The Iranian president gave plenty of fresh ammunition to Washington hawks, who press the case for a tougher American approach, even military action, to avert what they say is Iran's goal: to produce nuclear weapons. That is something that the United States, France, and Britain say cannot be accepted and has raised the prospect of preemptive military action if diplomacy fails.
But Ahmadinejad's defiance of the Bush administration, his grandstanding on Palestinian issues, his denial of Iran's arming Iraqi militias, and his assertions of Iran's benign intent--including a disavowal of nuclear weapons--may play well in much of the Mideast and complicate American diplomacy there.
Some analysts correctly point out that Ahmadinejad isn't the most powerful figure in Iran and that the attention he has received this week exaggerates his role. They say that a key issue like nuclear development rests with the nation's supreme leader, Ayatollah Ali Khamenei, and that there is evidence that Ahmadinejad is losing support at home because he has failed to deliver on promises to improve the economy.
Still, it is assumed that he spoke for the Iranian leadership in his formal remarks to the opening session of the U.N. General Assembly, in which he declared the issue of his country's controversial nuclear program "closed"--signaling continued defiance of Security Council demands that Iran cease making nuclear fuel.
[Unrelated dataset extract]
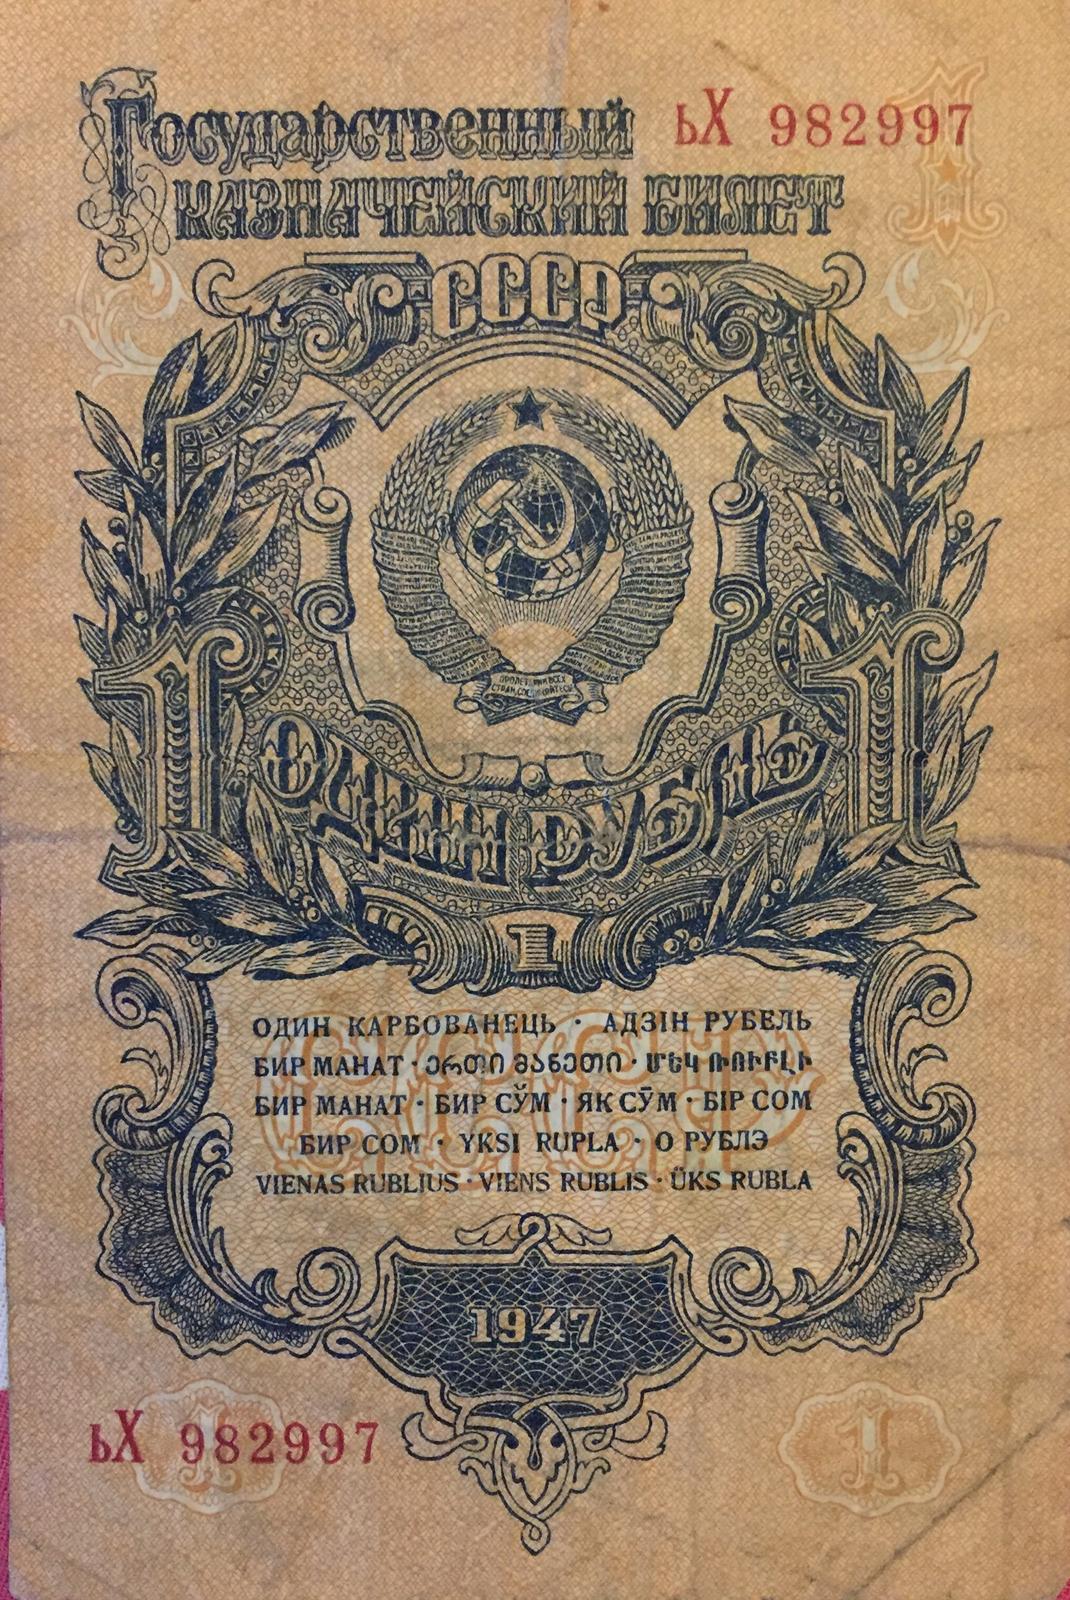 Perníková chalúpka - Obrázok č. 19

Ahmadinejad's tough speech before the world body on Tuesday suggests that U.S.-led financial and political pressures are nowhere near persuading Iran to stop work related to uranium enrichment or eventual plutonium reprocessing. That is the prerequisite the Bush administration and European powers have set for opening full direct talks with Iran. The hard-line Iranian leader called U.N. sanctions "illegal" and said that Iran would ignore the Security Council's demands.
Ahmadinejad instead said Tehran would work with the U.N.'s International Atomic Energy Agency to clear up technical questions about past nuclear work and declared a right to continue uranium enrichment for what he said were peaceful purposes. In an address rife with philosophical points and references to God, Ahmadinejad said, "I officially announce that in our opinion, the nuclear issue of Iran is now closed and has turned into an ordinary agency [IAEA] matter."
The U.S. delegation left before Ahmadinejad began speaking; he, earlier, had sat through President Bush's address in the General Assembly hall. Bush and his chief diplomat, Condoleezza Rice, used some of their time in New York to lobby for another round of tougher U.N. sanctions, but Bush did not focus on the nuclear question in his speech. He did, however, lump Iran in with other "brutal regimes" in need of "liberation."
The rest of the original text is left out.